Personne n’a compris la nouvelle situation de Bennett mieux que Netanyahu lui-même. Il y a deux semaines, des sources proches du Likud du Premier ministre ont lancé l’idée que Bennett, qui gesticulait encore en exigeant le ministère des Affaires étrangères, devrait prendre le ministère de l’Education à la place.

L’éducation était un bastion traditionnel du camp religieux-sioniste, une source d’influence à partir de laquelle le « secteur » idéaliste pourrait diffuser son programme religieux et politique à un public plus large. Zevulun Hammer, alors chef du Parti national religieux, précurseur de HaBayit HaYehudi, a occupé le poste de 1977 à 1984, de 1990 à 1992 et de nouveau de 1996 jusqu’à sa mort en 1998. Le député Yitzhak Levy, également du Parti national religieux, a repris les rênes jusqu’à ce que le premier gouvernement Netanyahu tombe en 1999.

A ce moment, la fuite de Netanyahu, n’était pas vraiment destinée à Bennett, mais à sa base insatisfaite. Alors que Bennett a cherché à peser sur la politique étrangère d’Israël, ou à défaut de rester dans un ministère de l’Economie élargi qui inclurait les affaires stratégiques et les renseignements, l’électorat national-religieux a un programme nettement plus domestique et « soft ». C’est bien l’éducation, et non la diplomatie, qui est le cœur de sa place dans la société israélienne.

Deux semaines plus tard, changement de programme : Bennett annonce, de façon encore informelle puisque Nethanyahu n’a pas encore officiellement accepté, qu’il a consacré les deux dernières semaines à l’ « apprentissage » des missions de l’éducation et à la prise de contact avec ceux qui ont occupé le poste dans le passé.

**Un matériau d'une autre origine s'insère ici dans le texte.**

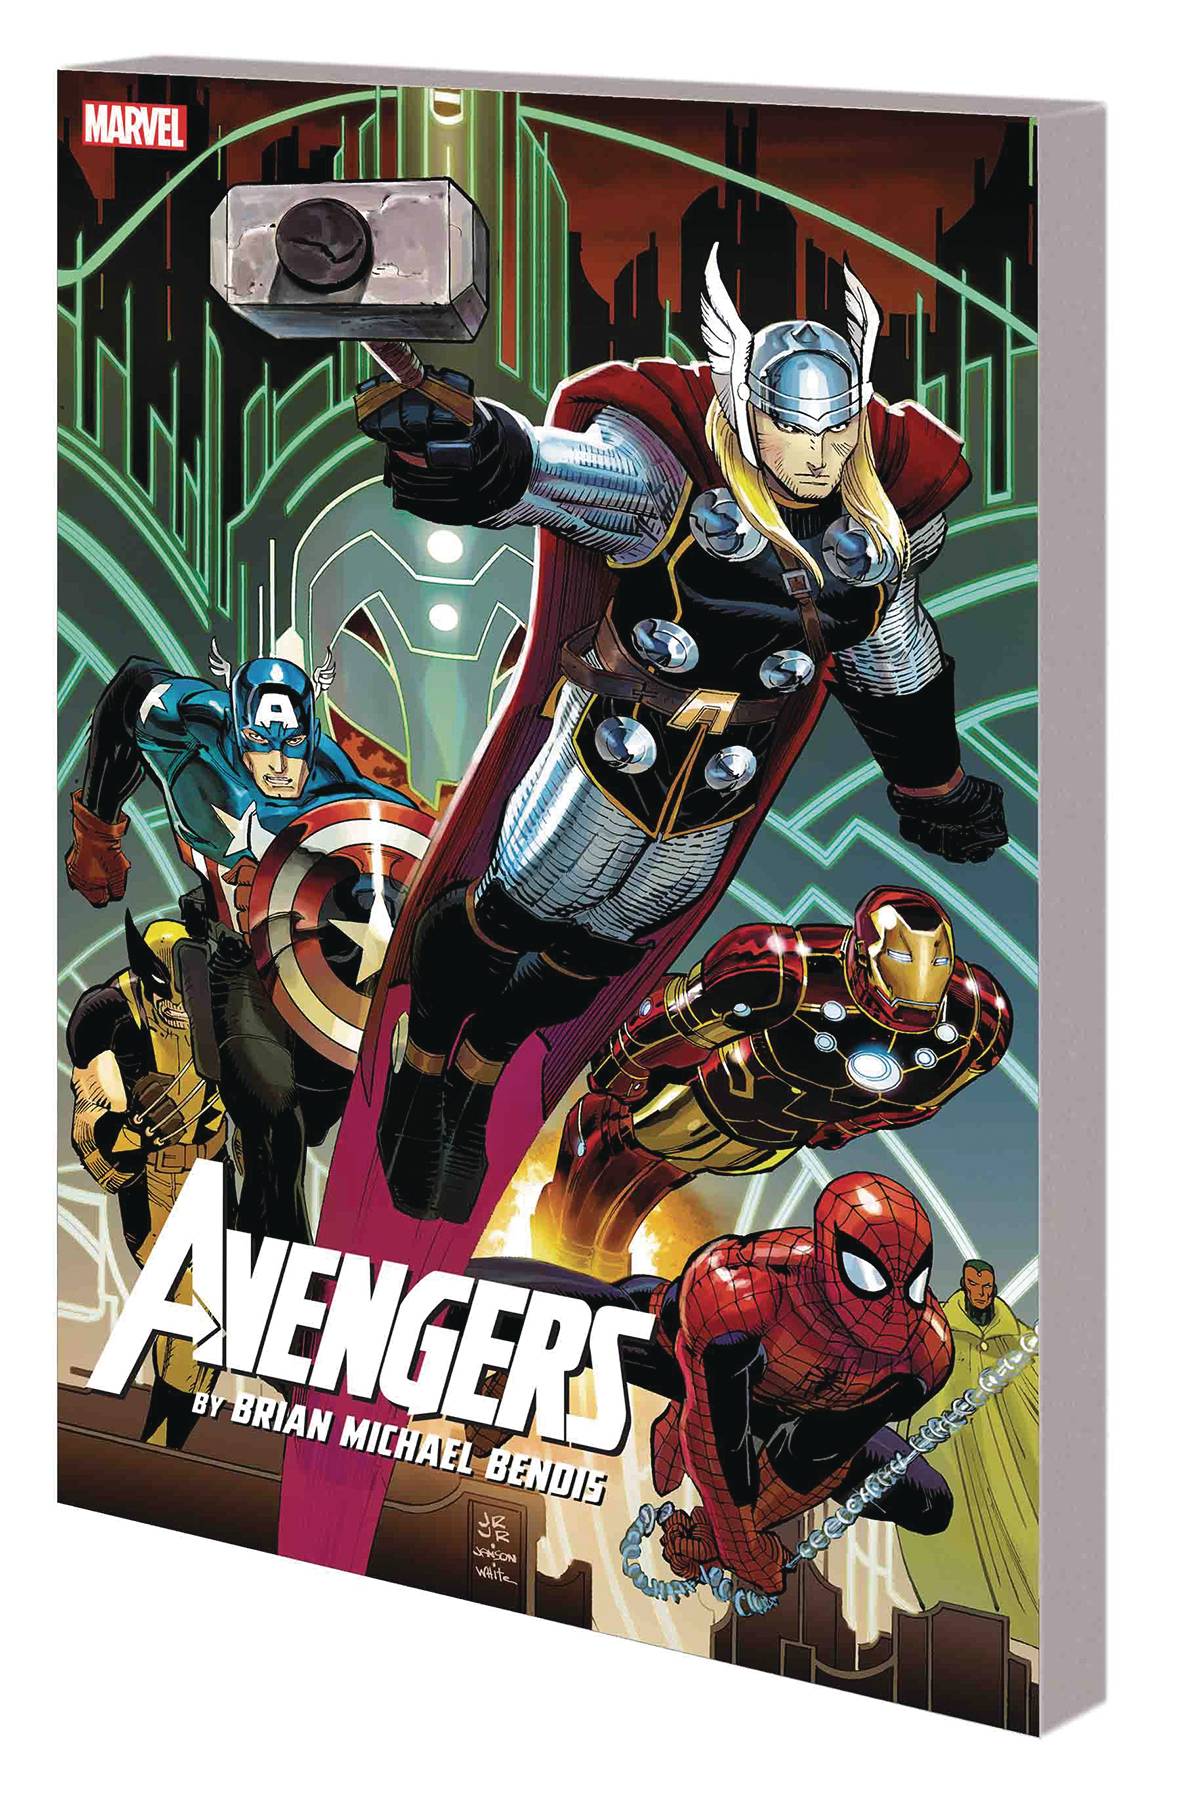 AVENGERS BY BENDIS COMPLETE COLLECTION TP VOL 01

Il est peut-être plus exact de dire que Bennett a passé les deux dernières semaines à discuter avec son propre camp pour sonder ses électeurs. Ce qu’il a entendu, et ce que Netanyahu savait qu’il entendrait, c’est qu’il était temps pour l’ambitieux et féru de high-tech jeune leader du sionisme religieux de revenir aux priorités traditionnelles du parti : les tâches sacrées de l’éducation et de la construction.